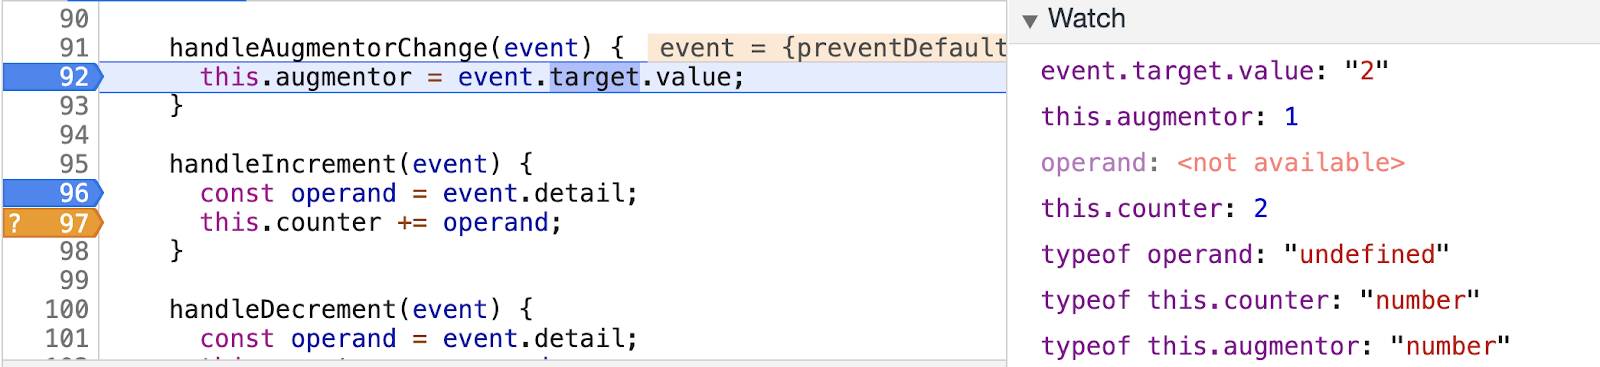 In the Code Editor, execution is paused on the first line of the handleAugmentorChange function. this.augmentor = event.target.value. Watch shows event.target.value = 2 (in quotation marks).
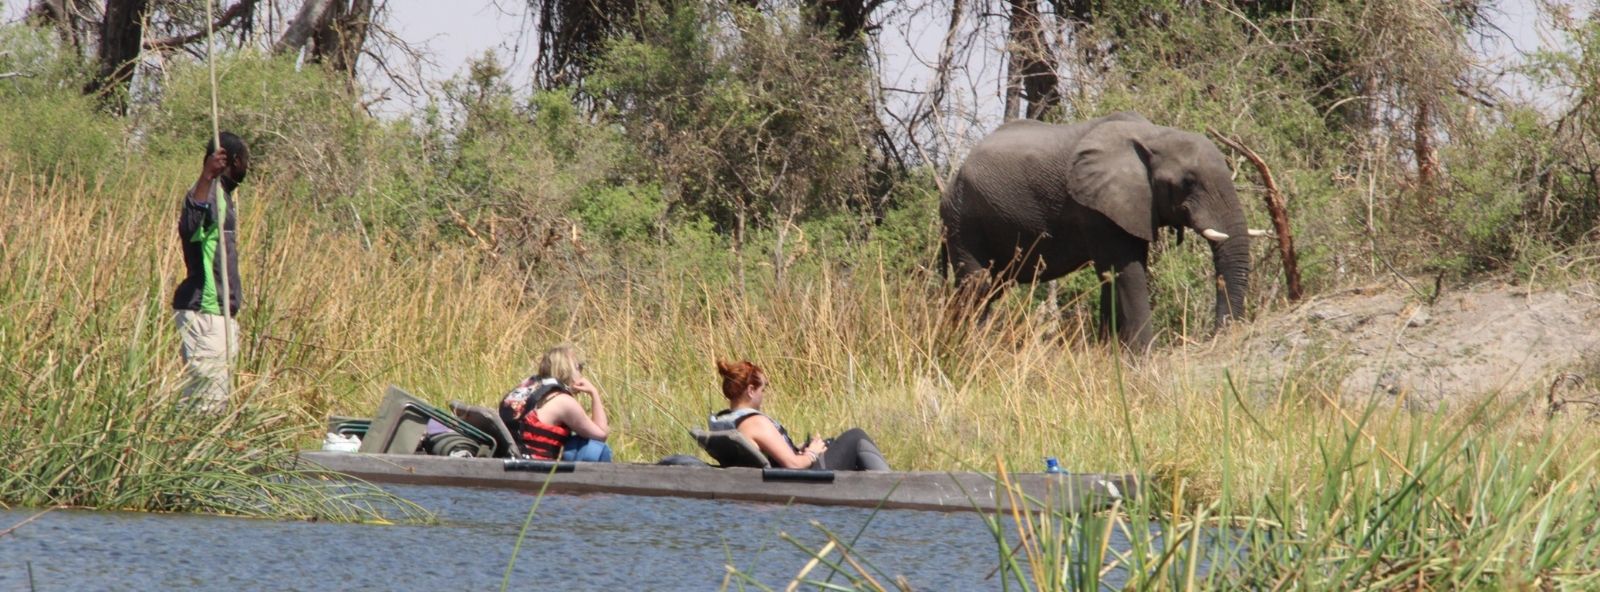 Game viewing from a Mokoro in the Okavango - picture of two people in the Mokoro enjoying a sighting of an elephant on the bank
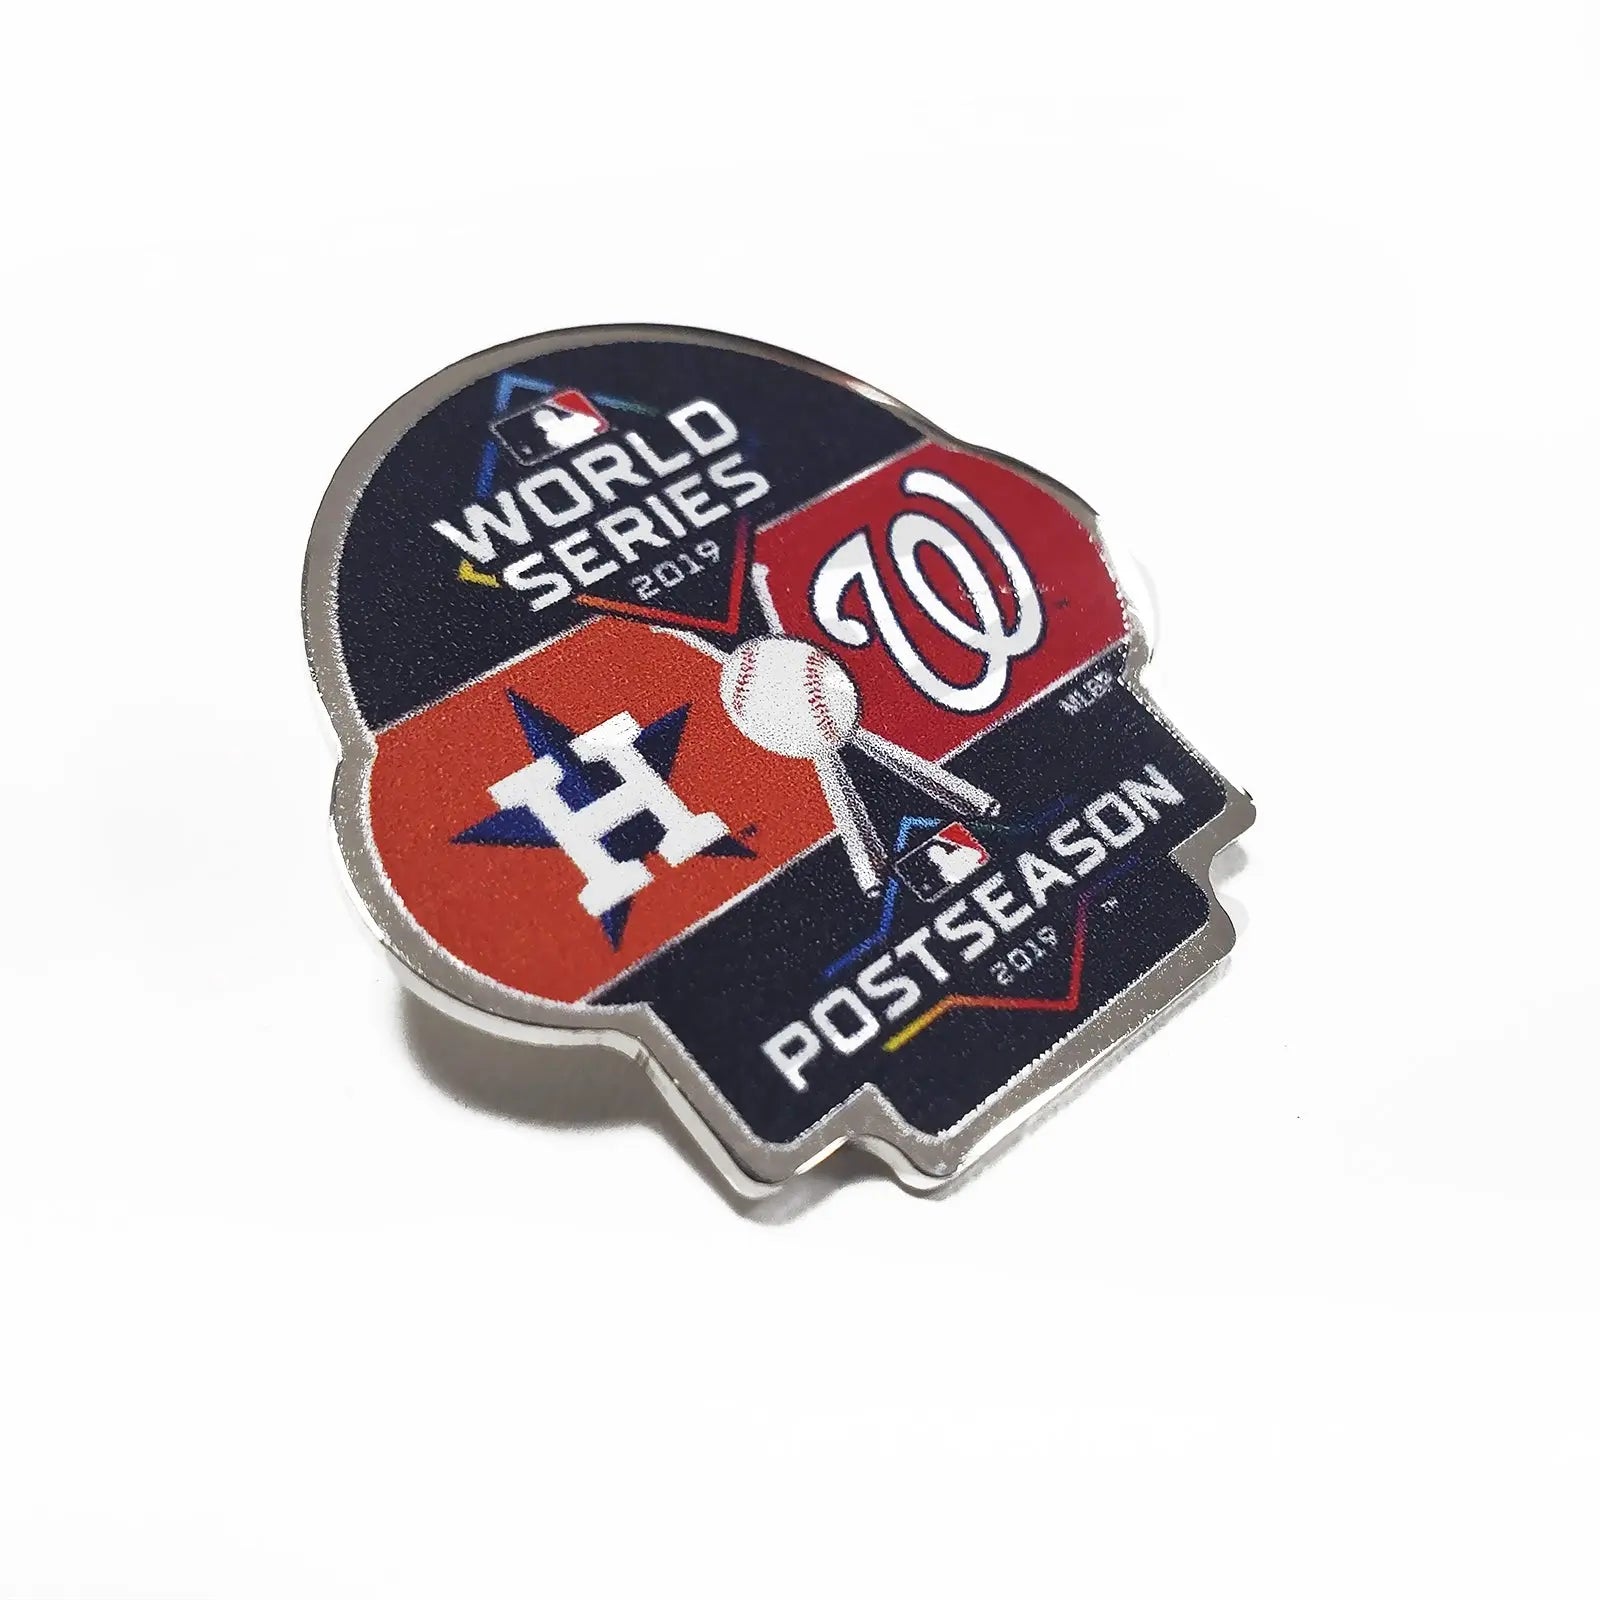 Pin on Astros

------------------------------

◆ **Work instructions**
Give back exactly the lines from the line with "Game viewing from" through the end of the material above, and omit every picture.

◆ **Solved exercise**
 Game viewing from a Mokoro in the Okavango - picture of two people in the Mokoro enjoying a sighting of an elephant on the bank
 Pin on Astros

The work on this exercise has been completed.